In a statement submitted to the stock market regulator this morning, the firm, led by Luis Amodio, said it has “agreed in principle with certain holders of OHL Operations’ senior guaranteed notes, which represent 33% of the notes outstanding.” And he adds that a pact is possible subject to the signing of an agreement on imprisonment

(a period during which the sale of shares or interests is avoided) “by AHG (special interest group) bondholders and the company, reflecting agreements reached and which the parties are already working on.” Following this demand, the construction company will activate the process to obtain the adherence of the remaining bondholders.

This principle of agreement with the banks and a portion of their bondholders, OHLA explains, “suggests that proposals for capital increases will be submitted for approval by the company’s shareholders at the next extraordinary general meeting.” The company plans to make two capital injections: a first of 70 million with no right of first refusal for shareholders and a second capital increase of 80 million with a right of first refusal for members.

A consortium led by José Elias, founder and president of Audax Renovables, will provide the construction group with 30 million euros for the revitalization of OHLA. Joining him in OHLA will be businessman José Eulalio Posa (founder of MásMóvil), Inveready (manager led by Josep Maria Echarri) and renewable energy company Coenersol, pooling 20 million euros between them. This group, sources close to the negotiations explain, will have two of its own directors out of ten seats on the governing body once the capital increase is implemented.

Brothers Luis and Mauricio Amodio, the main shareholders of OHLA, are leading the investor attraction process, which also opens the door to Mexican real estate businessman Andres Holzer, who will invest 25 million euros. This new shareholder is assigned ownership of the board of directors.

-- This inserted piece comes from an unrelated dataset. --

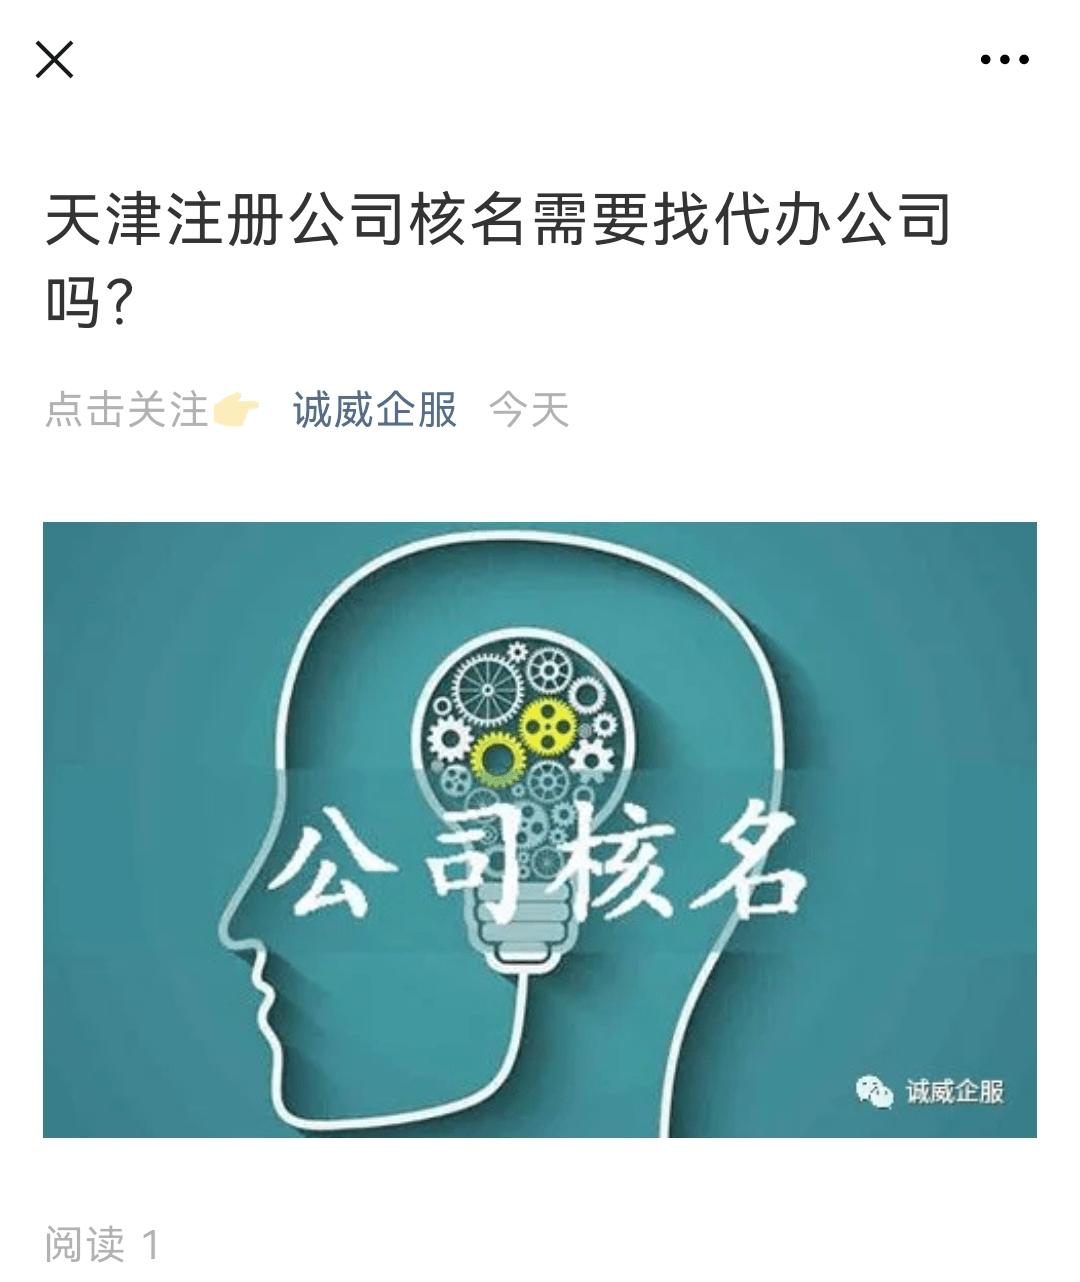 天津注册公司核名注意事项,核名有哪些要求?

The last 26 million allocated for the capital increase came from the Amodio companies, avoiding dilution and remaining as benchmark shareholders, perhaps trimming a couple of points from their current 26% position. The Amodio family will reduce from three representatives on the board to two but will place its most trusted man in Madrid, also Mexican Tomas Ruiz, as the chief executive agreed with new investors.

A total of €40 million of the increase remains in the hands of minority shareholders, who have a new issued title worth €0.25. In the first minutes of trading on the stock market this morning, OHLA shares lost 0.4%, falling to €0.30 per share.